更不能不提今年八月,馬斯克在Twitter上稱考慮讓特斯拉私有化,甚至說資金都到位了,美國證券交易委員會(SEC)指控他發布具有誤導性的聲明,向馬斯克提起訴訟,最終雙方達成和解,馬斯克辭去董事長一職,還一共交出4,000萬美元罰金,在本次的財報會議中,還迴避了分析師對於董事長繼任人選的提問。

此外,還有公司內鬼、罵英國潛水員是「戀童癖」、公開吸食大麻等一連串負面新聞,馬斯克在第二季財報會議上說要在今年實現獲利的目標,也讓許多分析師相當懷疑,這家負面新聞一籮筐的電動車廠,出乎意料地實現單季獲利以及正現金流,對投資人來說顯然是值得開心的好消息。

但在激情過後更多人好奇的是,這次的單季盈利究竟是代表特斯拉逐步邁向正軌?還是只不過是曇花一現的歡喜呢?

翻轉中階汽車市場,Model 3晉身主流產品

「第三季交付的車,比2016年整年還多。」馬斯克在財報會議上開心地這麼說,好成績背後的關鍵,就是之前歷經產能危機的Model 3,本季在北美市場共交付56,065台Model 3,平均每周可以生產4,300台,也讓特斯拉在財報中寫下:「Model 3已經成為了一款真正的主流產品。」

苦盡甘來的Model 3,在本季搖身一變成為美國市場的中階明星車款,以北美市場來說,中低階車款大多是Toyota、Honda這些日系車廠的天下,從財報數據來看,Model 3共交付56,065台,位居美國市場銷售第五名,擊敗Nissan、現代、福特這些傳統大車廠,可以說特斯拉靠著Model 3,已經正在改變美國中階汽車市場的生態。

Tesla
Model 3共交付56,065台,位居美國市場銷售第五名,擊敗Nissan、現代、福特這些傳統大車廠。
圖/ Tesla

接著再從營收來看,本季光是Model 3就帶來超過30億美元的營收,遠遠甩開位居二、三名,營收20億美元的Toyota與Honda。此外,馬斯克也談到Model 3有超過20%的毛利率,也是本季盈利達標的因素之一。接著第四季的目標,是要把生產到交車的天數,從現在的20天降低到10天,這些成績都顯示,特斯拉正在默默地改變美國中階汽車市場的生態。

Tesla
本季光是Model 3就帶來超過30億美元的營收,遠遠甩開位居二、三名,營收20億美元的Toyota與Honda。
圖/ Tesla

加速中國投資,成本、量產、生產效率將是關鍵

展望未來,馬斯克認為改善效率會是第四季的一大重點,「為了讓顧客更能負擔Model 3,我們決定加速中國工廠的興建進度,計劃2019年就能把部分Model 3移到中國生產。」目標是提升中國的在地化程度,「中國生產的車子,只會賣給當地顧客。

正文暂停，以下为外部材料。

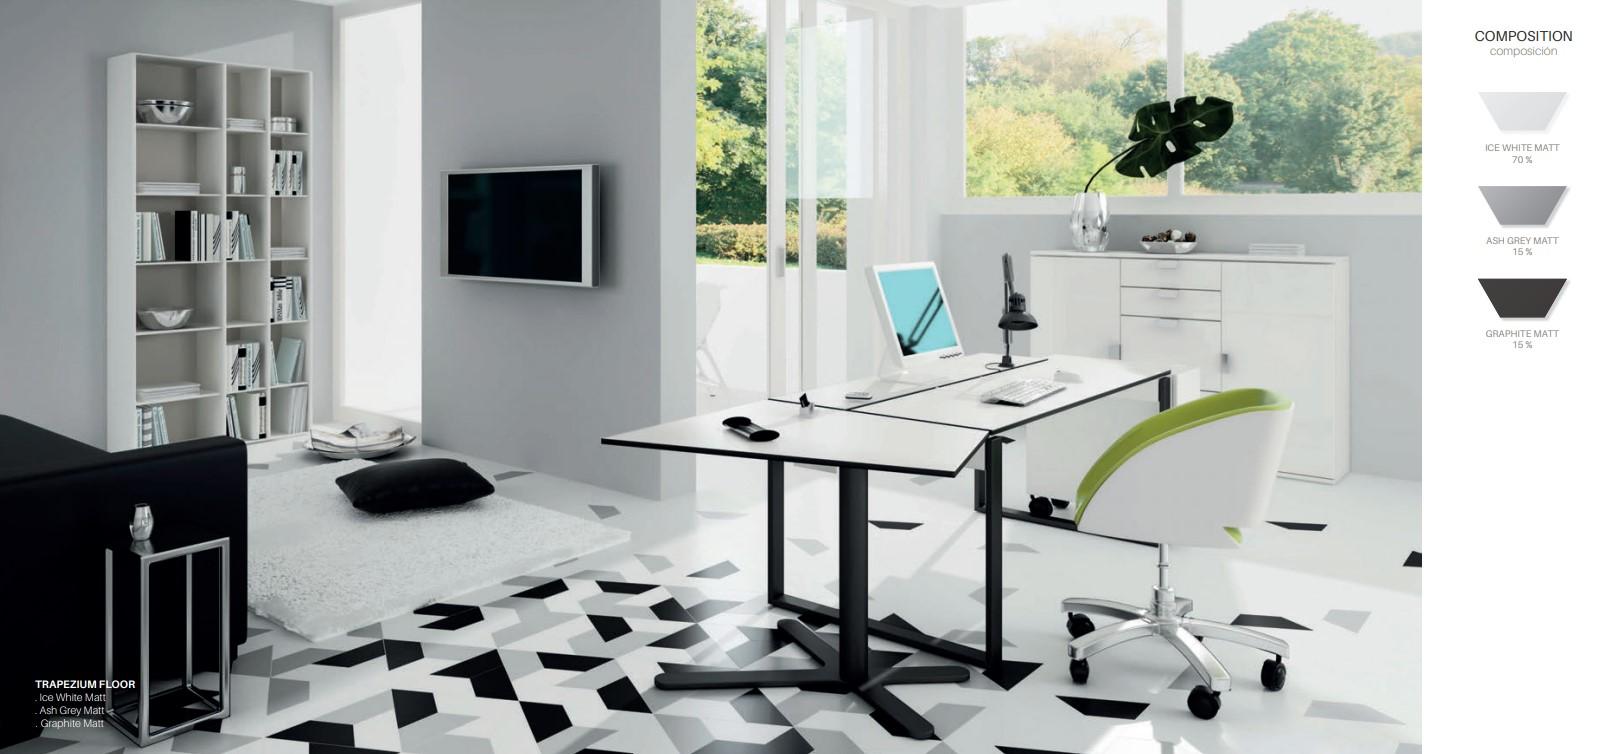 Floor Tiles Ice White, Graphite & Ash Grey Matte Trapezium

」也會在中國生產電池,滿足當地市場的能源需求。

Elon Musk
今年(2018)七月馬斯克親自來了一趟中國,宣布將在上海臨港地區,打造一個結合研發、製造、銷售為一體的超級工廠,喊出每年可以生產50萬輛電動車。
圖/ Elon Musk via Twitter

穩住美國市場、積極布局中國,更多人好奇的是,這次的單季盈利究竟是代表特斯拉逐步邁向正軌?還是只不過是曇花一現的歡喜呢?關鍵還是圍繞在Model 3在成本、量產、生產效率三方面的能力。

這次是因為特斯拉成功提升產能,才得以實現盈利,未來的挑戰在於如何穩定地控制成本,調低Model 3的售價,且維持穩定的量產及生產效率,才能讓特斯拉的產品接觸到更廣大的客群、賣到更多的地方,而這些挑戰並非一時半刻就能解決,要說否極泰來、谷底翻身,特斯拉仍有一段路要走。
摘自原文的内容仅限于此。